Twelve of Nigeria’s senior women’s football team players – Super Falcons – have emerged as the overall best players of the annual Confederation of African Football (CAF) award in the women’s category since 2001.
Checks by The ICIR show that the 12 awards won by four Nigerians in the ‘Best Female African Player of the Year’ category represent 60 per cent of the total 20 winners since its inception 22 years ago.
The annual event did not hold in 2009 and 2013.
The overall best player category is part of the categories of awards the African football governing body shortlists players to contend against each other.
In Nigeria, the Super Falcons players who have won the individual laurels include the maiden award winner, Mercy Akide, in 2001 and Perpetua Nkwocha, who bagged it four times in 2004, 2005, 2010, and 2011.
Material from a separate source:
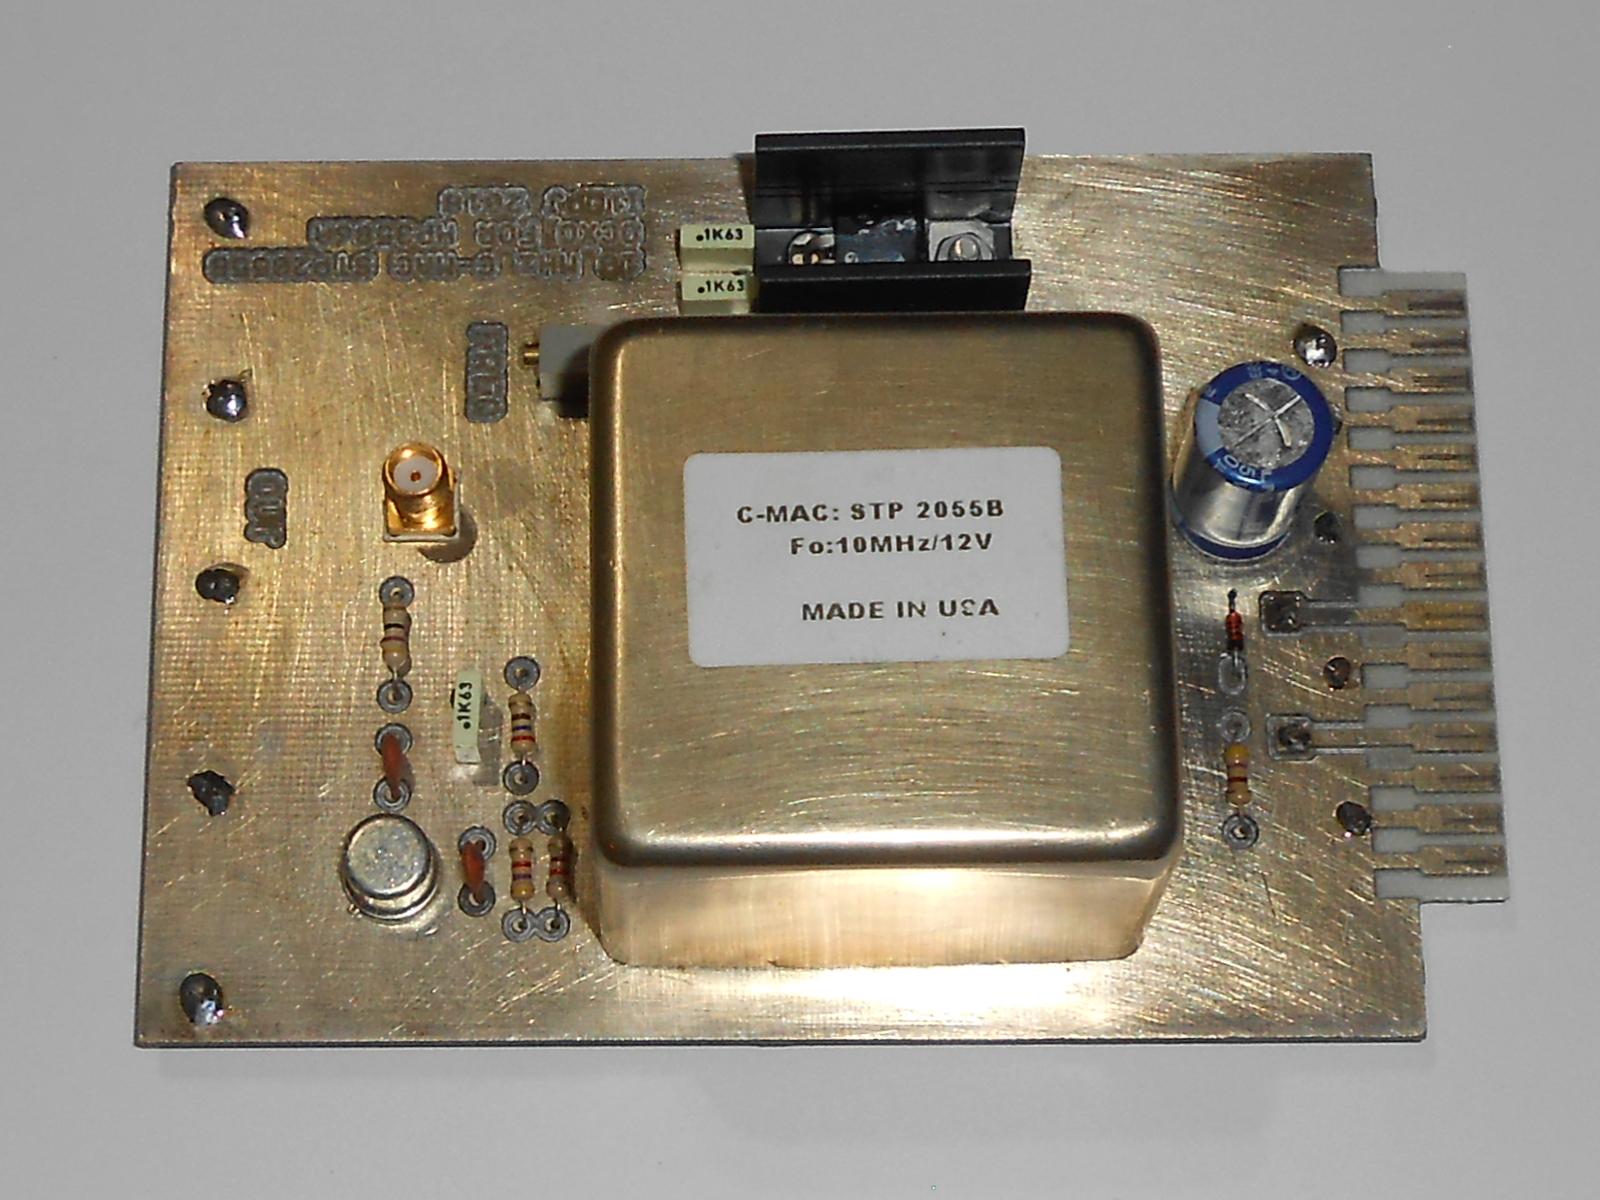 Schema Elettrico Voltmetro Per Auto : Hardware vario
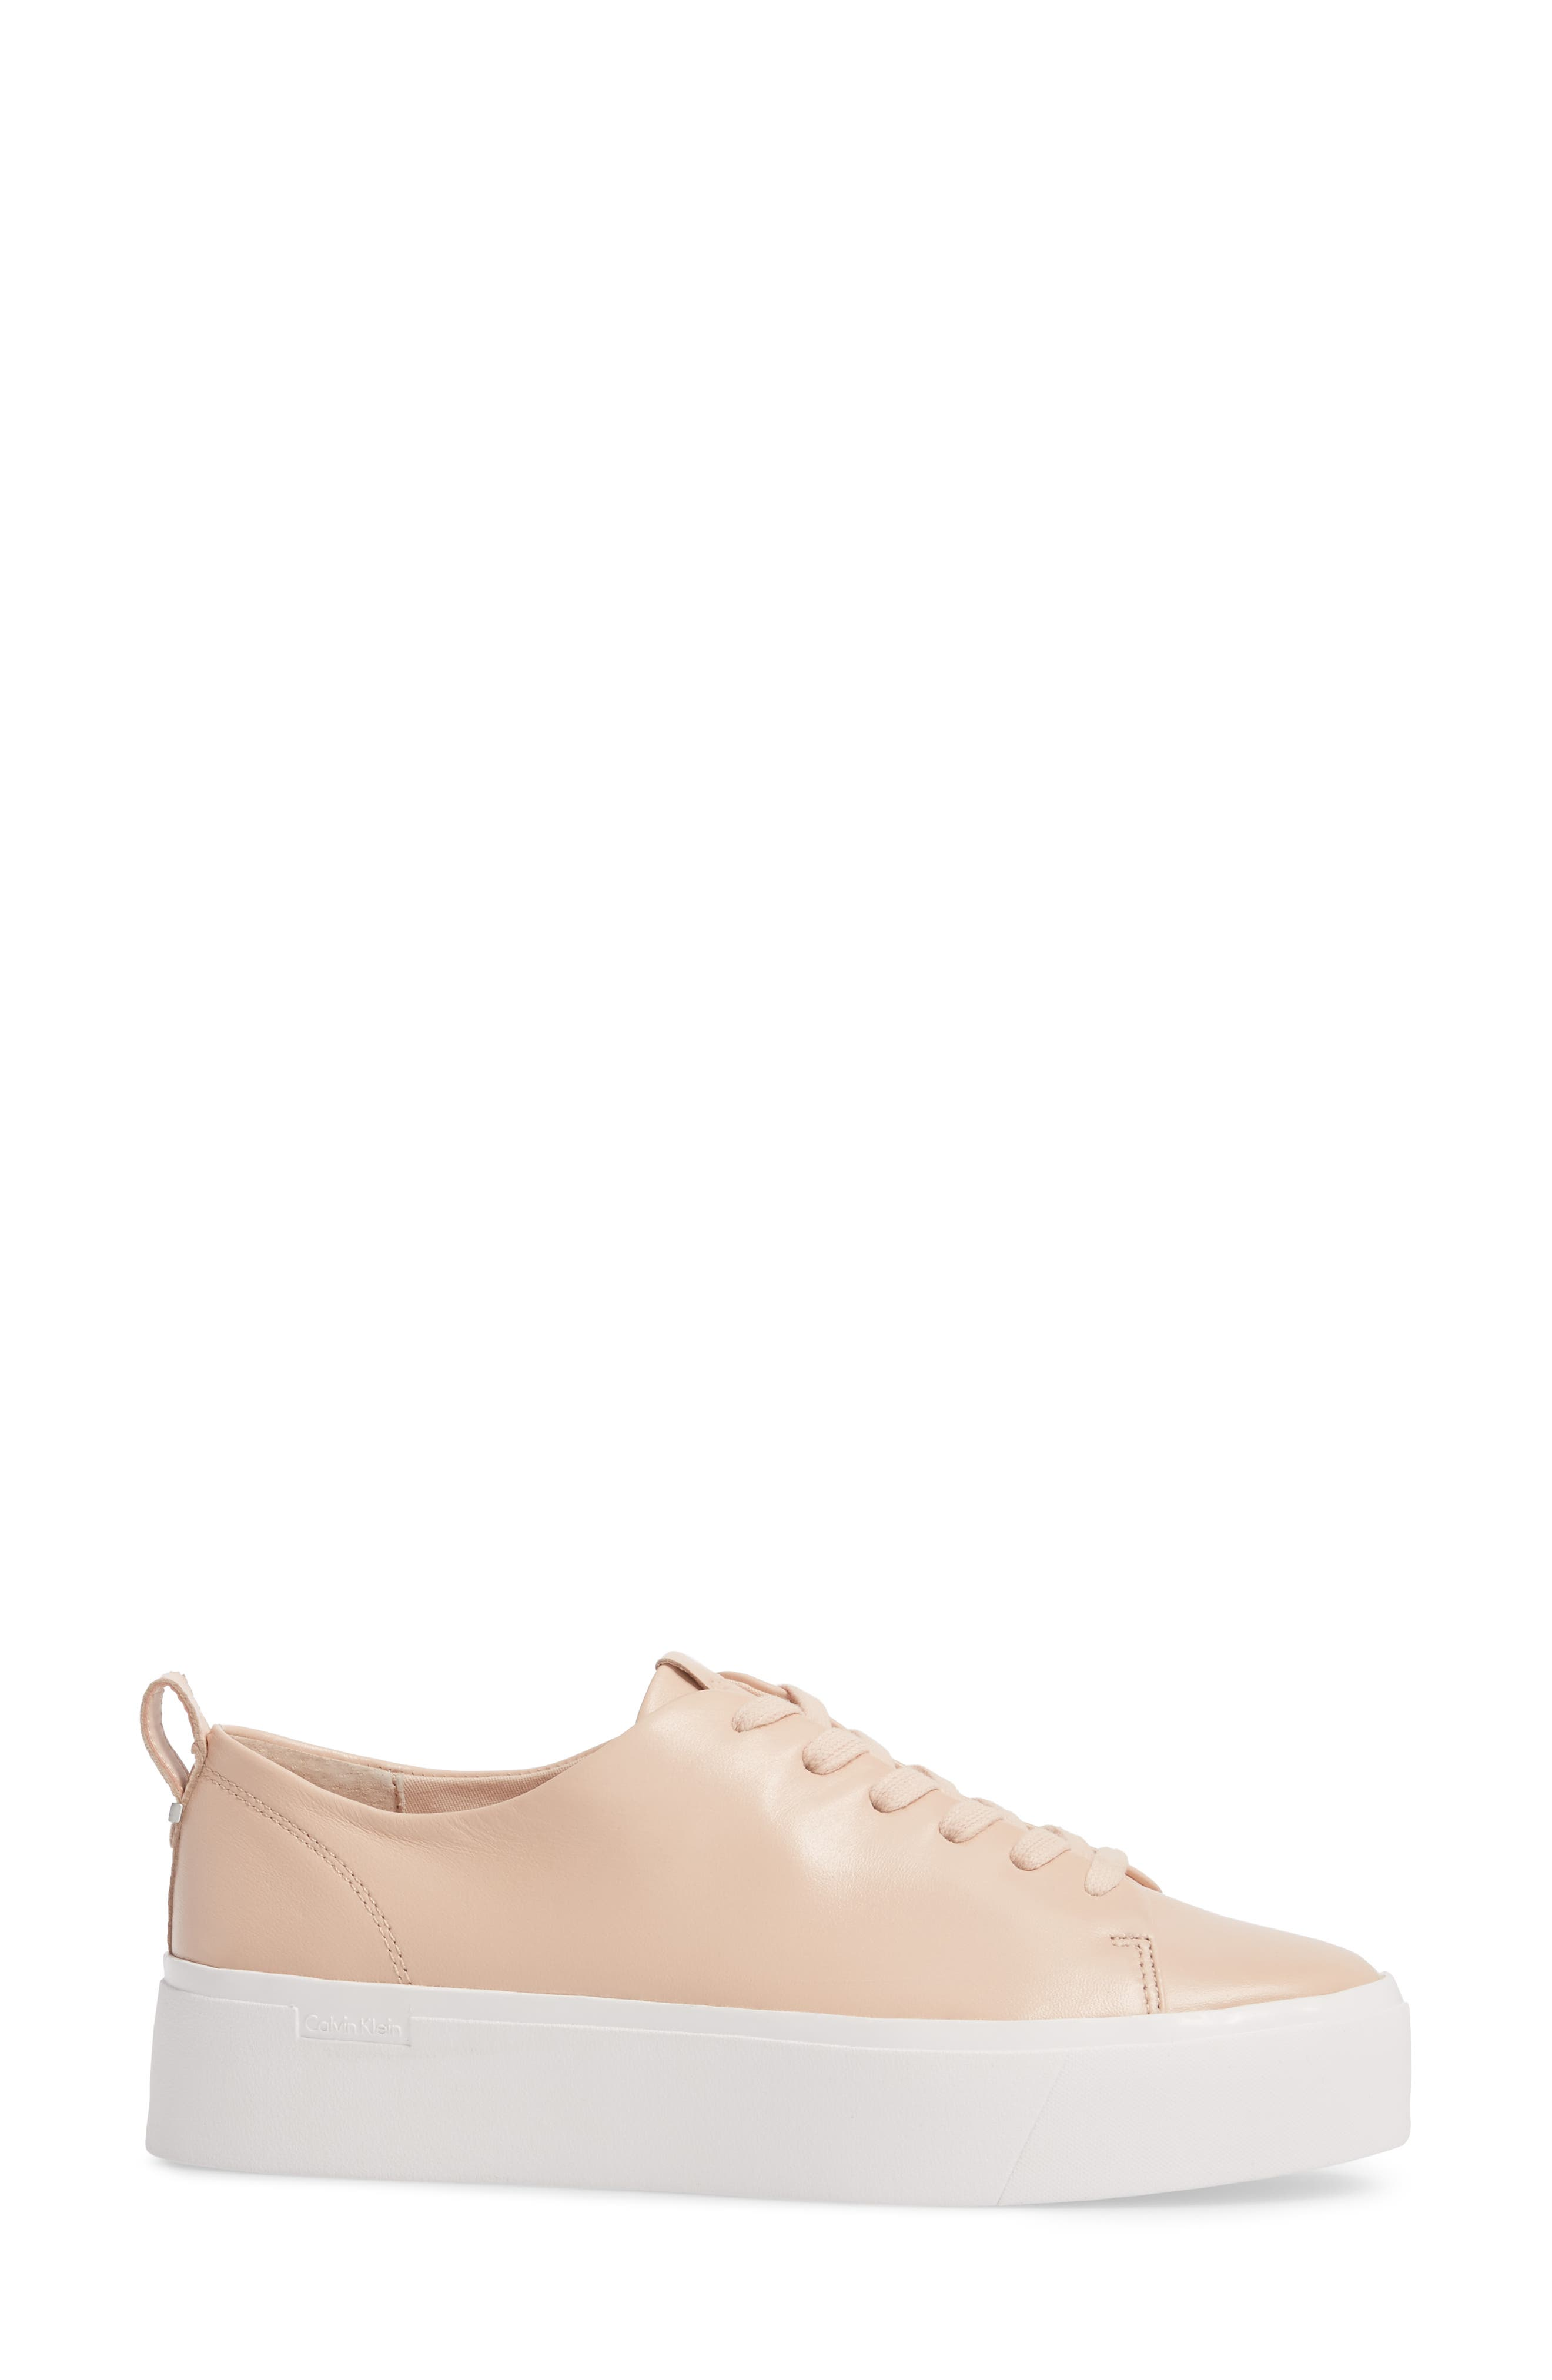 Janet Platform Sneaker,                             Alternate thumbnail 3, color,                             Pink Leather

Former Super Falcons player Cynthia Uwak smiled home with the award back to back in 2006 and 2007, while in-form Asisat Oshoala has etched her name as the only player to have won the award five times.
Oshoala’s meteoric rise began in 2014 when she stunned the world during the FIFA U-20 World Cup, ending the tournament as the best player.
Also, in the same year, she was pivotal to the success of the Super Falcons winning the Africa Women’s Championship hosted in Namibia, which earned her first CAF award and also recognition as a Member of the Order of Niger bestowed on her by the former President Goodluck Jonathan.
The following year, in 2015, Cameroonian footballer Gaëlle Deborah Enganamouit clinched the award.
In 2016, 2017, 2019, and 2022, Oshoala bagged the award, hoping to clinch it the sixth time when the ceremony holds on December 11, 2023, at the Palais des Congres Movenpickin, Morocco.
Oshoala, Nnadozie, Waldrum shortlisted for 2023 CAF award
Ahead of this year’s edition, current Africa’s best female player, Oshoala, goalkeeper Chiamaka Nnadozie, and coach, Randy Waldrum, made the final shortlist for the 2023 CAF awards.
Also, Nigerians shortlisted in the Young Player of the Year category include Esther Ajakaye and Deborah Abiodun.
Oshoala will contend with Nnadozie, Barbara Babanda from Zambia, and South Africa’s trio of Andile Dlamini, Hilda Magaia, and Thembi Kgatlana for the Player of the Year Award.
Others in that category include Cameroon’s Ajara Njoya and Morocco’s Anissa Lahmari, Fatima Tagnaout, and Ghizalaine Chebbak.
Super Falcons ‘penalty-saver specialist’ Nnadozie is also listed for the Goalkeeper of the Year Award, in which she would contend with the Moroccan duo of Imane Abdelahad and Khadija Er-Rmichi and South Africa’s Andile Dlamini and Kaylin Swart.
Ajakaye and Abiodun will face Ghana’s Comfort Yeboah, Morocco’s Nesryne El Chad, and South Africa’s Thubelihle Shamase in the Young Player of the Year award.
Coach Waldrum, who took Nigeria to the second round of the New Zealand/Australia 2023 Women’s World Cup, is pitched against Mehdi El Qaichouri (SC Casablanca), Reynald Pedros (Morocco), Desiree Ellis (South Africa) and Jerry Tshabalala (Mamelodi Sundowns) for the Coach of the Year award.
Nigeria is listed in the National Team of the Year Award alongside Morocco, Senegal, South Africa, and Zambia.
The regional football governing body, in a statement on Monday, said the winners of each category would be determined after the votes of a panel comprising members of its technical commission, media professionals from member associations, head coaches, and captains of member associations, including clubs involved in the group stages of interclub competitions.
The awards ceremony will be held on December 11, 2023, at the Palais des Congres Movenpickin, Morocco.